I'm the author of that sandbox module(Permalink to Nodepath) mentioned in the first comment for the question. Mario's answer is well described regarding canonical URLs - but unfortunately it's not the only implication.
These comment/* URLs are from Drupal 7. In Drupal 6, comments did not have their own URLs.
Canonical URLs can solve the problem with duplicate contents which is perfectly fine for most sites IMO.
But spam comments can add 404 and 403 errors to your site errors list as they wish. This was my personal experience that my spam hunting service couldn't delete some of the comments so I had to manually delete them. But Google had them already indexed.
The actual problem is that anonymous users can post any type of comments and if they were deleted or unpublished, Google (and other search engines) logs them as crawl errors which is quite annoying and probably it will affect your page rank as well.
In other hand, most link sharing sites, including facebook do not respect the canonical URL. For an example, http://example.com/node/1
can have 56 (facebook) likes but they are not synced if the user liked http://example.com/comment/5
(assume comment 5 is a comment made to node 1). From facebook view, they are 2 different URLs (actually they are) so like counts are different.

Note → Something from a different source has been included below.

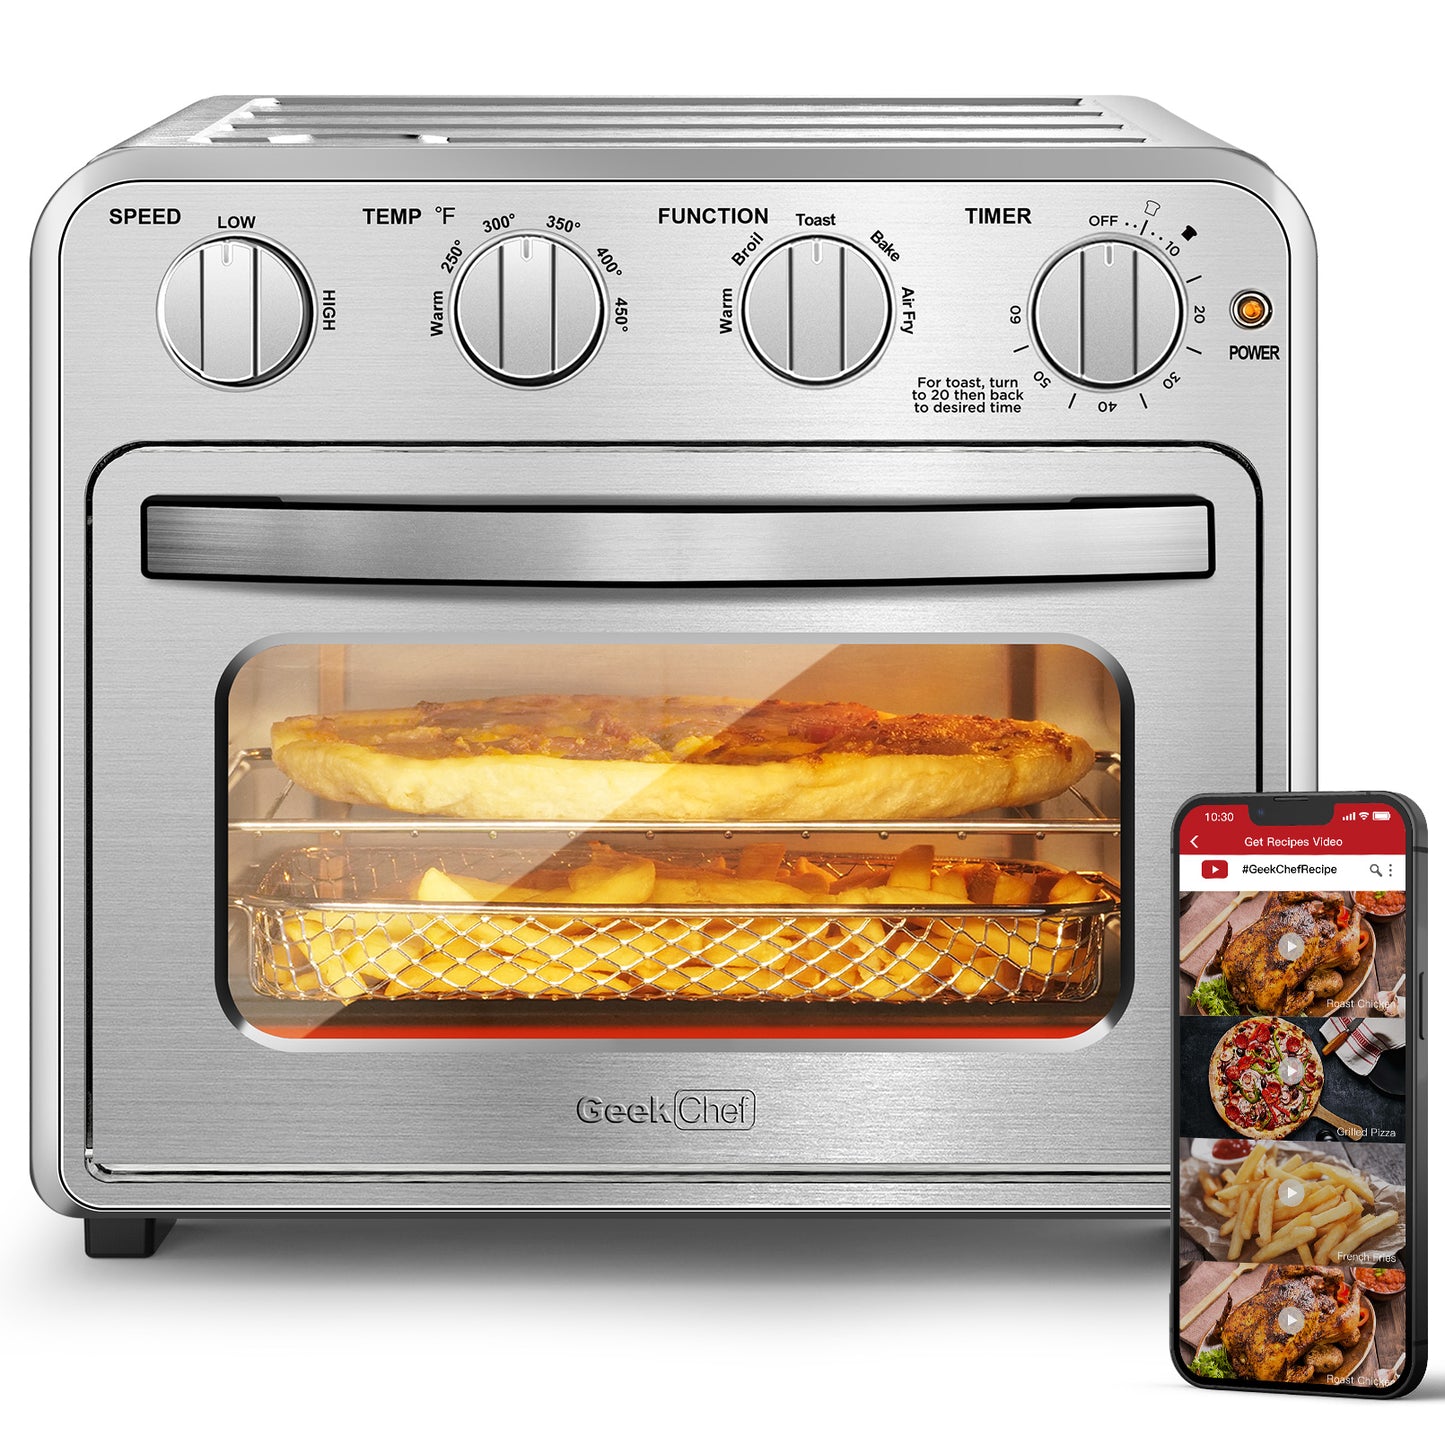 Geek Chef Air Fryer Toaster Oven Combo, 4 Slice Toaster Convection Air Fryer Oven Warm, Broil, Toast, Bake, Air Fry, Oil-Free, Accessories Included, Stainless Steel, Silver(16QT Air Fryer Oven)

Also, modules like Boost rely on the actual request URI setting from $_SERVER which is still comment/5
(even though canonical URL is node/5
). You can however change configuration of Boost module to overcome this.
It's quite popular to use arg(1)
to get the node ID in custom blocks, modules, Views, etc. They will work, because in the callback function of comment/% URLs, that function sets $_GET['q']
to the canonical URL.
This $_GET change solves most of the problems in progrmable stuff.